Foreign investment trends

Published August 8, 2005

THE foreign direct investment (FDI), a catalyst for the economic growth, has been a pressing need of the capital deficient economies of the developing world. It is a good cholesterol and is considered to be the mothers’ milk for the nascent and emerging economies.

One view is that foreign firms invest abroad in order to capitalize on some specific expertise or technology that domestic firms do not possess. The cost of capital explanation, however, suggests that the main enthusiasm for FDI is the movement of resources in search of maximum return.

FDI is thus seen as a means to extend capital control rather than as a means to shift resources from one country to other. Its flows into Pakistan seems to fit predominantly in corporate strategy by multinationals in order to consolidate a large foreign market.

FDI is thought to posses advantages over loans. First, equity financing requires payments only when investment earns a profit. While debt requires payment irrespective of return. Second, payment on FDI can be regulated by the host country while debt payments are out of its control. Third, much of the FDI consists of re-invested earnings, not all returns are repatriated, as opposed to loans.

What foreign investors want is to expand their operations in which they invest, seeking low taxes, high profits, if not immediately, at least in near future. But according to one study, tax holidays, fiscal concession, subsidies and import tariff protection are the wrong means to promote investment if the goal is to develop competitive and efficient industries.

A stable political and economic environment, enforcement of laws and contracts, a trained, skilled and disciplined labour force, critical support services and availability of quality infrastructure are the key factors for potential investors in making investment choices.

Global foreign direct investment (FDI) flows in 2004 are estimated to have risen by six per cent to $612 billion. As in 2003, however, flows to developed countries slumped, but that decline was offset by rising inflows into developing countries and central and eastern Europe . “This increase is good news for developing countries, which now account for an estimated 42 per cent of world FDI inflows, compared to 27 per cent during 2001-2003.

FDI inflows to Africa account for only three per cent of global FDI flows. Their inflow into Asia reached $166 billion, a 55 per cent increase over 2003. Improved economic performance, a more favourable policy environment and higher corporate profitability are key factors behind this performance. However, FDI flows to the various regions remain unevenly distributed, dominated by a few countries. China and Korea still account for the lion’s share of FDI attracted by Asia.

FDI flows to Latin America in 2004 rose for the first time in five years, up 37 per cent to$69 billion. Following the temporary decline to $27 billion in 2003, FDI inflows to Central and Eastern Europe (CEE) rebounded last year, reaching a record high of $36 billion. The trend is indicated in the Table.

The share of FDI flowing into Pakistan is negligible when compared with the opportunities and economic fundamentals of the country. The inflow into the country is less than one per cent of the total global FDI. The highest, Pakistan received for the first time was the amount of a little over $1 billion in 1995-96. In the past two years, FDI including privatization proceeds, have been around $1 billion, now targeted at $3.5 billion for current fiscal. Of the targeted amount, the bulk would be a major chunk of sale proceeds of PTCL (sold for $2.6 billion).

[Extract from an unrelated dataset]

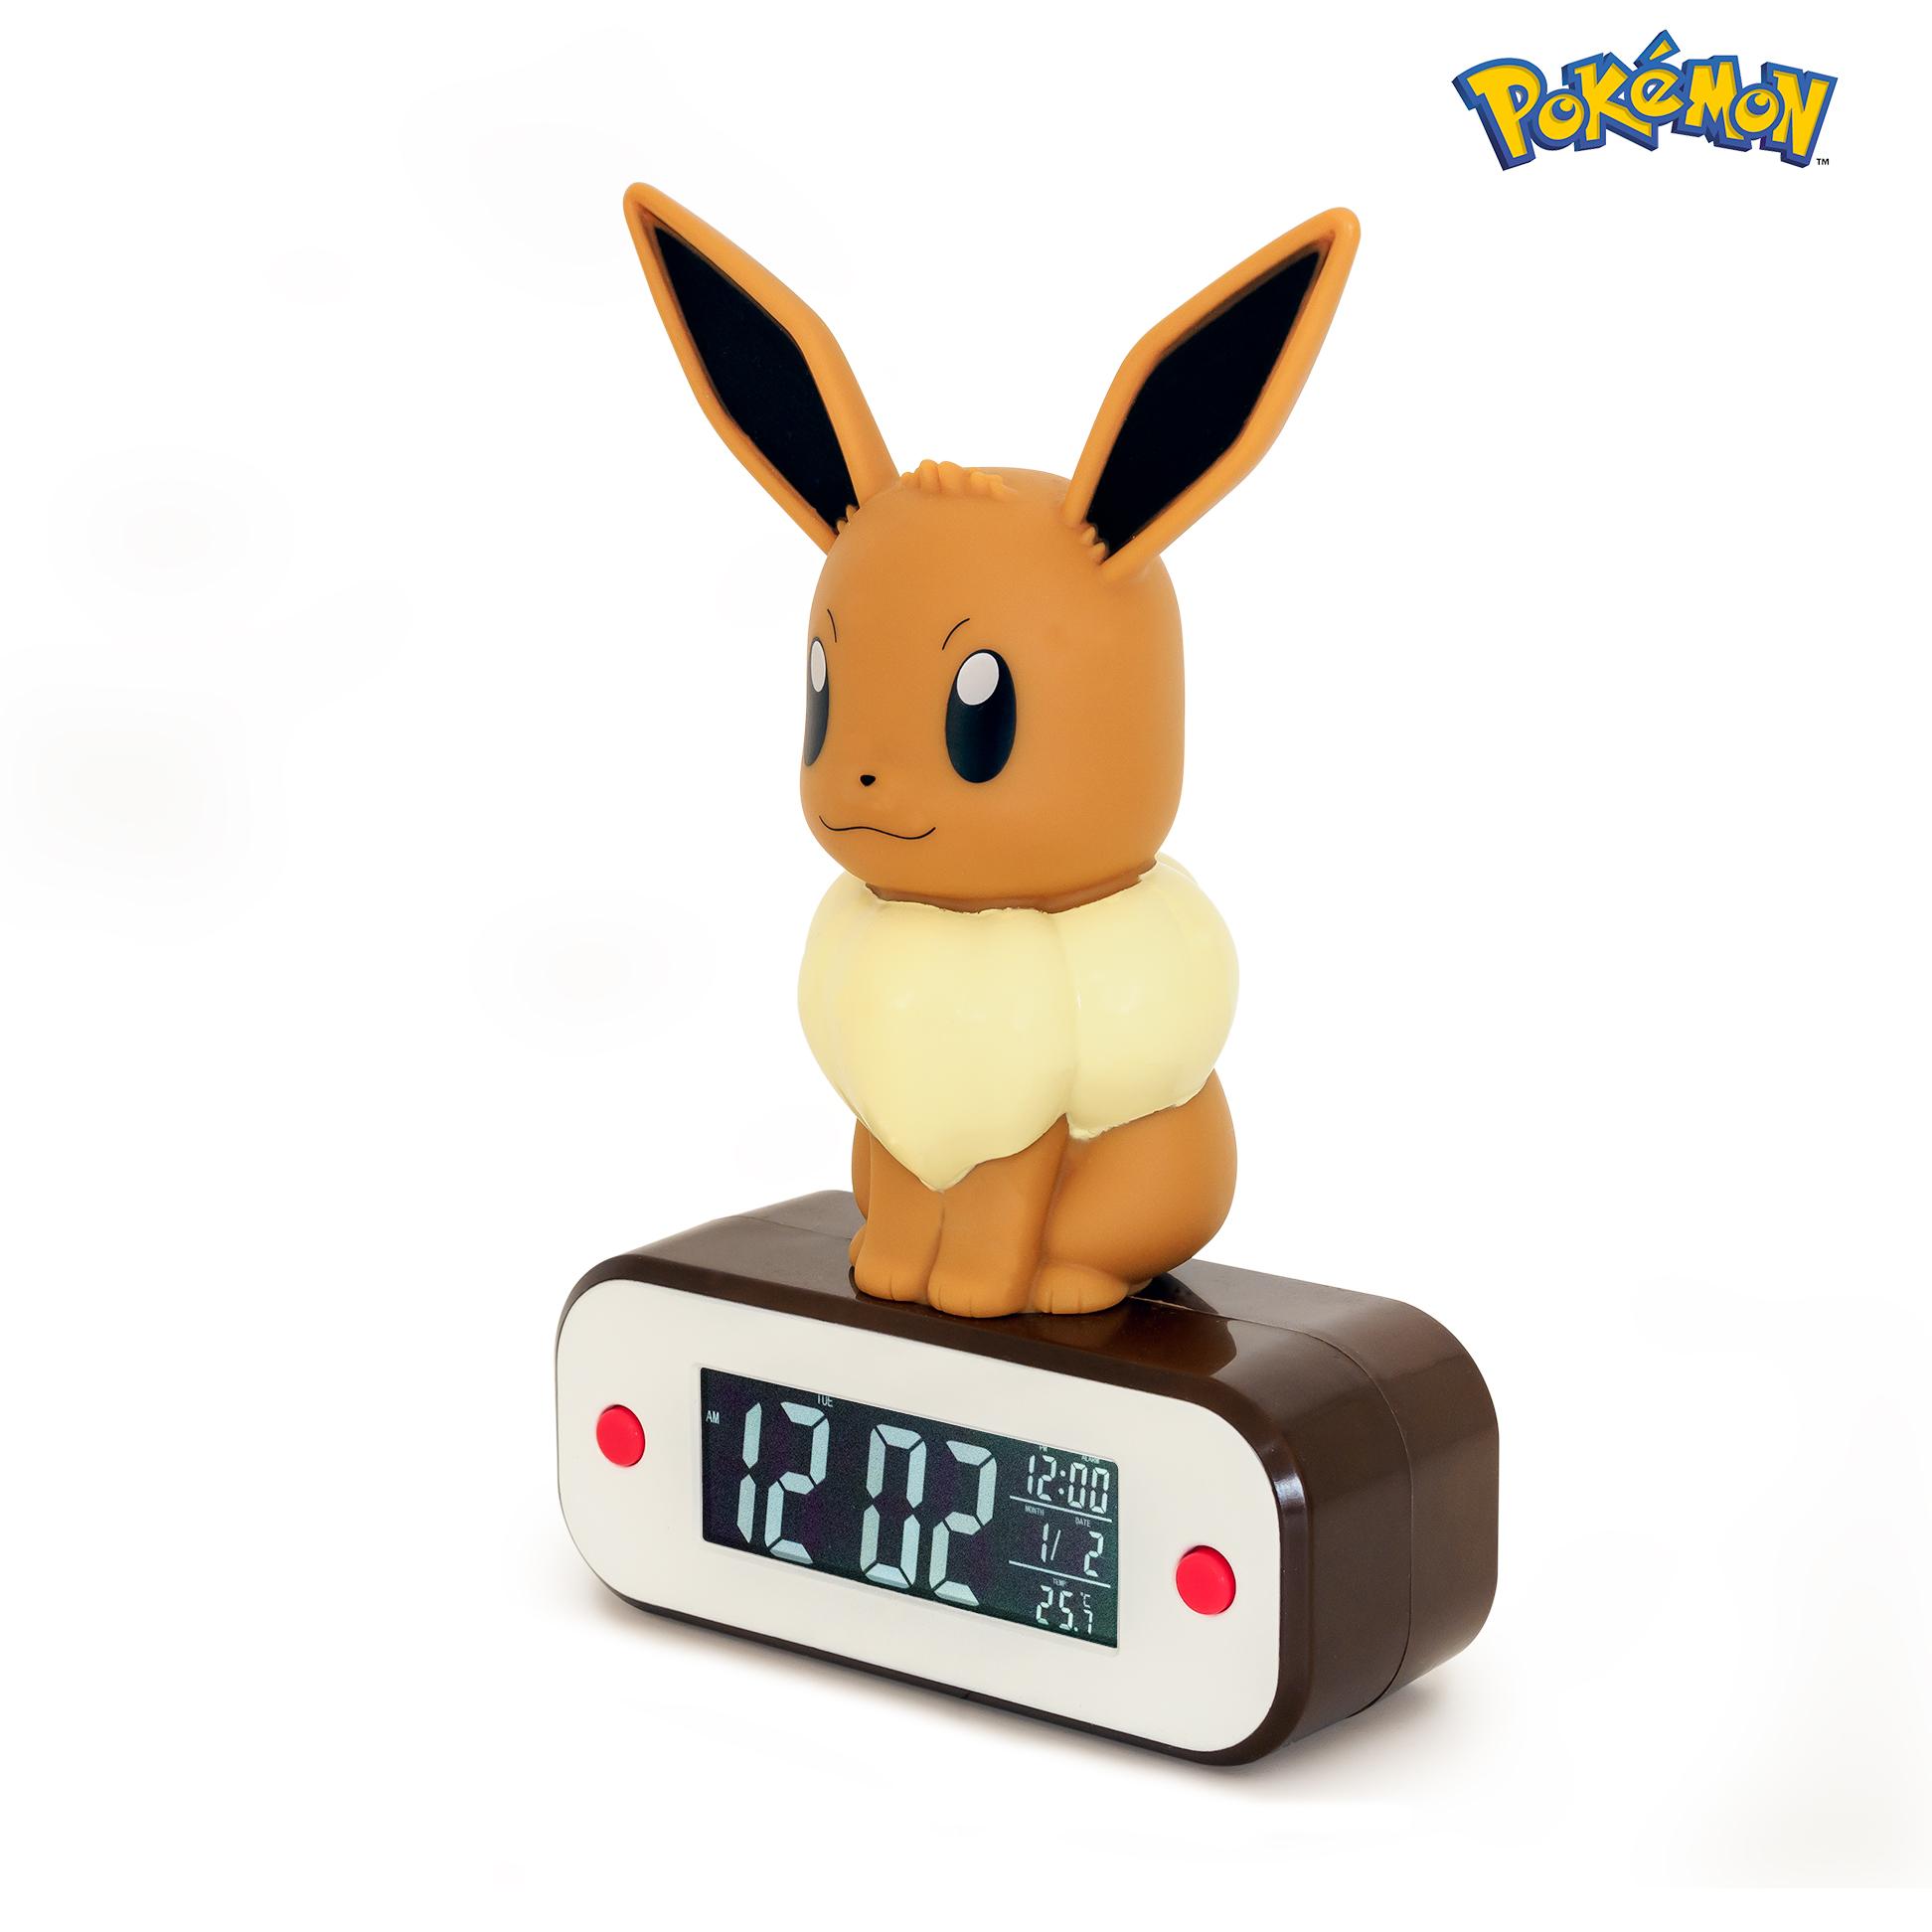 Numérique Pikachu Réveil Pokémon Radio Lumineux gyb6Y7fv

Given the size and dynamism of Pakistan economy, liberal FDI policy, the cheap labour force and its proximity to the markets of gulf and central Asia, Pakistan should be seen as a far more attractive destination for foreign investment.

Pakistan was among the first few countries in the region to open up the market in early nineties. Now the foreign investors can virtually invest in any sector except a very few.

The economic fundamentals have changed but lack of good governance, high cost of business, red tapism, cold war with India, political uncertainty, inadequate infrastructure, poor law and order situation, corruption, smuggling are the real impediments.

Traditional determinants of FDI are still relevant in attracting investment. The size and growth of domestic market, geographical proximity and access to key potential markets, including large regional markets, play a key role.

East European countries due to their geographical, ethnic and historical ties are in a better position to attract foreign investors and the countries of East Asia and Latin America are also strong candidates. India has also emerged since 1991 as a big contender for foreign investment. There is some concern that other South Asian countries including Pakistan and Africa will be left behind in this race unless corrective measures are taken and mindsets change.

Pakistan should bring economic stability through firm exchange rates, adequate foreign exchange reserves, price stability, favourable and fair return on investment.